Saturday, June 21, 2008

What to Do with my Life (pt 72)

Have you ever seen a movie where an ex-junkie, now reformed and living a normal life in everyday company falls completely, totally, utterly off the wagon and goes on a heroin and cocaine fueled binge that only stops when they wake up, three days later, disoriented and not knowing where they are, usually someplace like Neasden?

Okay, now picture that, but with dogs.

So I thought I was doing okay with the no dogs in my life thing, ya know, you get used to not having a small furry to trip over. But this morning I went to a "meet and greet" with the local greyhound rescue group and spent two glorious hours surrounded by needlenosed ex-racers. And I am totally out of my gourd for a dog. It's all I talk about. I am covered in dog fur, as God and nature intended, and even if I don't end up with a greyt, I'm so gaga for a puppy that I may actually do someone physical harm if I don't get dog.

Which, naturally, has led me to reflect on my life. One of the women I work with is contemplating buying a house with her nearly-fiancee who just joined the Navy, all the while making fabulous reproduction period fashions and eventually going back to school for a master's degree in historical design. And she's 22. I, on the other hand, have cul-de-sac'd here in Williamsburg. Don't get me wrong, I still love it here. I love the history, the costumes, the people, the two kinds of roaches. I'm so grateful to have a full-time job in this economy, with health insurance, and I'm looking forward to moving into an apartment that has both a kitchen and private bathroom. But I'm not using my degree, I'm not even writing very much anymore. Without any pressure to produce written words--either for a class or other public consumption--I've just sort of drifted away from it. The Goals of my Life include A) getting a dog and, uh, B) well, that's pretty much it.

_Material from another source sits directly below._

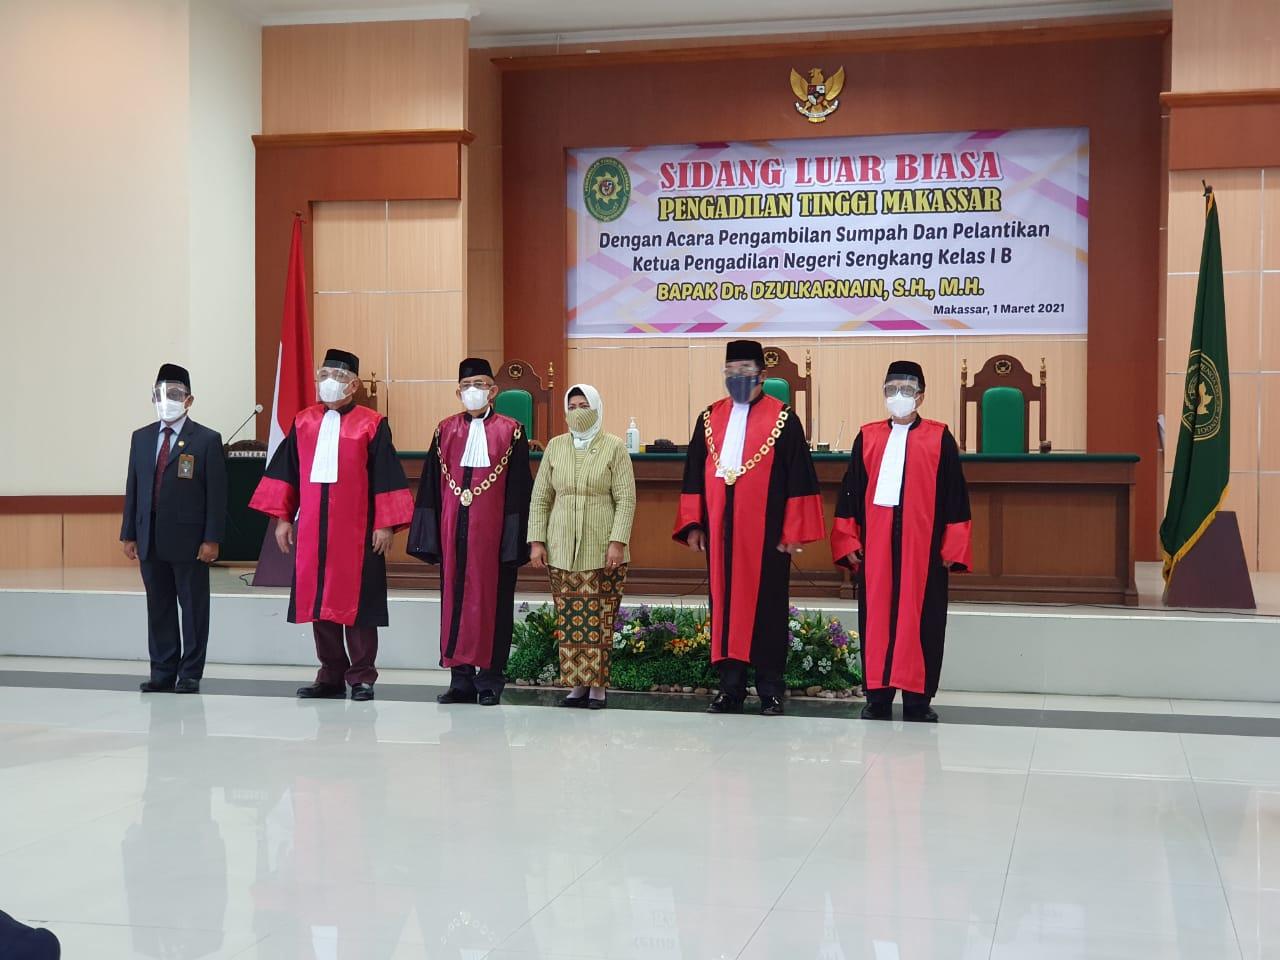 Ketua Pengadilan Negeri Sengkang Resmi Dilantik Hari Ini

I feel like I'm not building on anything I've done. Other people my age are buying houses, building lasting relationships with members of the opposite sex, demanding higher wages, raising children, and saving the planet. I'm not leaving so much as a footprint on this world. My colleage noted how "lucky" I was to be able to pack up and move anytime I wanted--I wanted to shake her and say "no, for once in my life I'd really LIKE to have some things tying me to a particular area, person, anything that stops me from picking up and moving." I'd really like to buy a house, raise children, publish a novel, maybe even, ya know, get married, but that just doesn't seem to be happening. People keep telling me I need to move back to London. I wish it were that simple.

So I'm going to get a dog. And that will be what I do.

I didn't mean for this to be a depressing post...I'm afraid I've got the hypo today, even though I spent the morning with puppies and in a few minutes I'm going to go get a wasabi (wasabiii! hyah!) veggie roll. I think I'm just lonely and reflective. I need to meet more people. Next week is going to be fun: I'm finally going to get to train for the military programs so next Thursday I'll be learning how to fire a black powder musket. And we all know what happens next: that's right, breeches. Jealous? Oh yeah.

3 comments:

Jack Petersen said...

Okay. Dutch uncle time (whatever that is.) Sure, there are things you don't have - things and relationships. But that doesn't mean you will NEVER have them. And I'll tell ya, my friend, you will never have everything you want. I have two Emmy awards, and I'd trade 'em both for a Tony. You know how that goes ...

On the other hand, you have something that can't be earned, and that's talent. I've read part of one of your plays, and - of course - your posts. You are truly gifted, you challenge me constantly ... in other words, you're not bad at all.

Everything else will come to you (I want it NOW!)

On the other hand ... you're not writing? To give you incentive, I'm sending 300 people to ask you where the bathrooms are.

Be warned.

Unknown said...

I agree with Jack Bunny...you will never really have everything you want...but you know what? You're leading a pretty damn exciting live. I long to settle down somewhere too. But my alter ego is eager to go country and continenant hopping at the same time. I have a steady job with benefits that uses my degree, but I'm not feeling challenged. I'm living in Hawaii for crying out loud and I want to head back to the frigid world of Chicago!

I hear you on the dog. I miss the warm fuzzy...nothing screams home like a dog to come home too...even when you are up and moving every few years. Dogs are constant...

You'll figure things out. We're all talented survivors.

(and I give the practically engaged naval couple five years...especially if he's stuck on a boat...three years of six months tours...yeah...there are lots of bitter divorced YOUNG naval men at Pearl Harbor and most of them started at Norfolk or San Diego with the wife and house and lost it when the women realized a life with the man at sea ain't the married life they expected...)

Laura said...

As much as I want you to get your puppy I wish you wouldn't find anything to tie you down to one place until AFTER you come visit me and it is so beautiful here in the summer I wish you were here now. We could go camping on the beach by the Black sea for almost free!